Hallucinations aren't a solved problem, so if I had to replace myself with an LLM, I would probably set up a sort of democracy, with multiple models arguing to build consensus, a best of N scheme for multiple instances of a single model, with multiple rounds of grounding through search. I expect this to work very well, and if you do need to keep a human around for physical tasks or procedures, they don't have to be a highly paid doctor.

In other words, I'd be happy to go to Dr. LLM for my medical care, presuming very cheap measures are taken to stop it hallucinating.

Hmm... you think getting stuck in what appears to be a permanent loop is not terrible? Is this the behavior you'd accept from anyone working for you?

Given that we're testing Claude at a task it was neither designed nor trained to do, it's very much not terrible. For important tasks, it'll be trained to do them. An employer seeking to replace employees will, if they have any sense, test models for obvious flaws. For all practical use cases, LLMs don't really mode collapse these days, and in this particular case, it's more of an artifact of Claude's limited context window than an insurmountable difficulty.

The thing that keeps puzzling me about your comments is that you seem to simultaneously view ANY capacity in a task as an impressive accomplishment at the same time as you assert that AI has overwhelming general ability.

Like I said in this thread, it can take decades for AI models to progress from as bad as random chance to better than random chance. It takes far less time to go from there to human or superhuman performance. We are nowhere near the physical limits, and as I've said before, diminishing returns in absolute terms do not mean diminishing returns in value.

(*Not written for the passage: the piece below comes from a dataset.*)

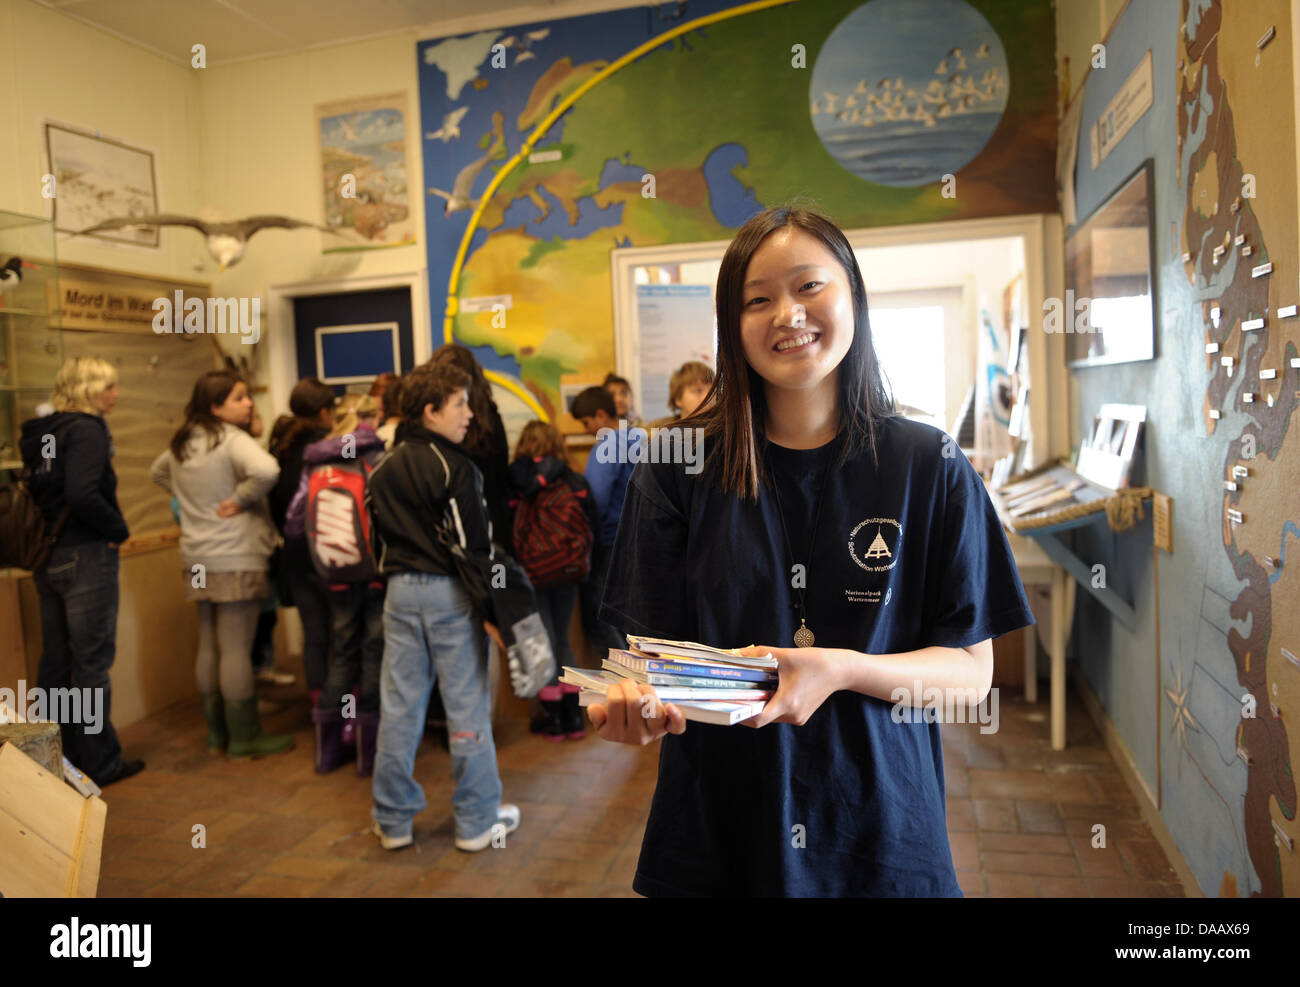 South Korean student, Dschi in Ha, smiles as she stands next to a group of visitors at the Wadden Sea Conservation Station in Hoernum on the island of Sylt, Germany, 15 September 2011. The 22-year old German Studies student  is working a volonteer at the station for two months. Photo: Christian Charisius Stock Photo

There's no clear reason that this has to be the limit of the answer space. Line go up... forever?

Forever? Not likely in a constrained universe. Unfortunately, the point on that line that equals human performance, or even superhuman performance, is not uniquely privileged.

All we have to do is get past that, and in many aspects, we're there. Terence Tao is on record saying that o1 is equivalent to a competent grad student in research mathematics. Once again, that's Tao, considered one of the world's best mathematicians, for his high standard of "competent".

There's also the rather bizarre fixation on LLMs - even though something like, say, an octopus is very obviously not an LLM and still has meaningful if primitive intelligence.

I'm not aware of companies spending hundreds of billions of dollars on scaling up Octopus Intelligence. LLMs are by far the most intelligent entities on this planet other than humans, and they're only getting better. I know which one I'd worry about, even if it is entirely possible that LLMs as we understand them today prove to be a dead end, and what really kicks things off is another discovery on pat with the original Transformer architecture.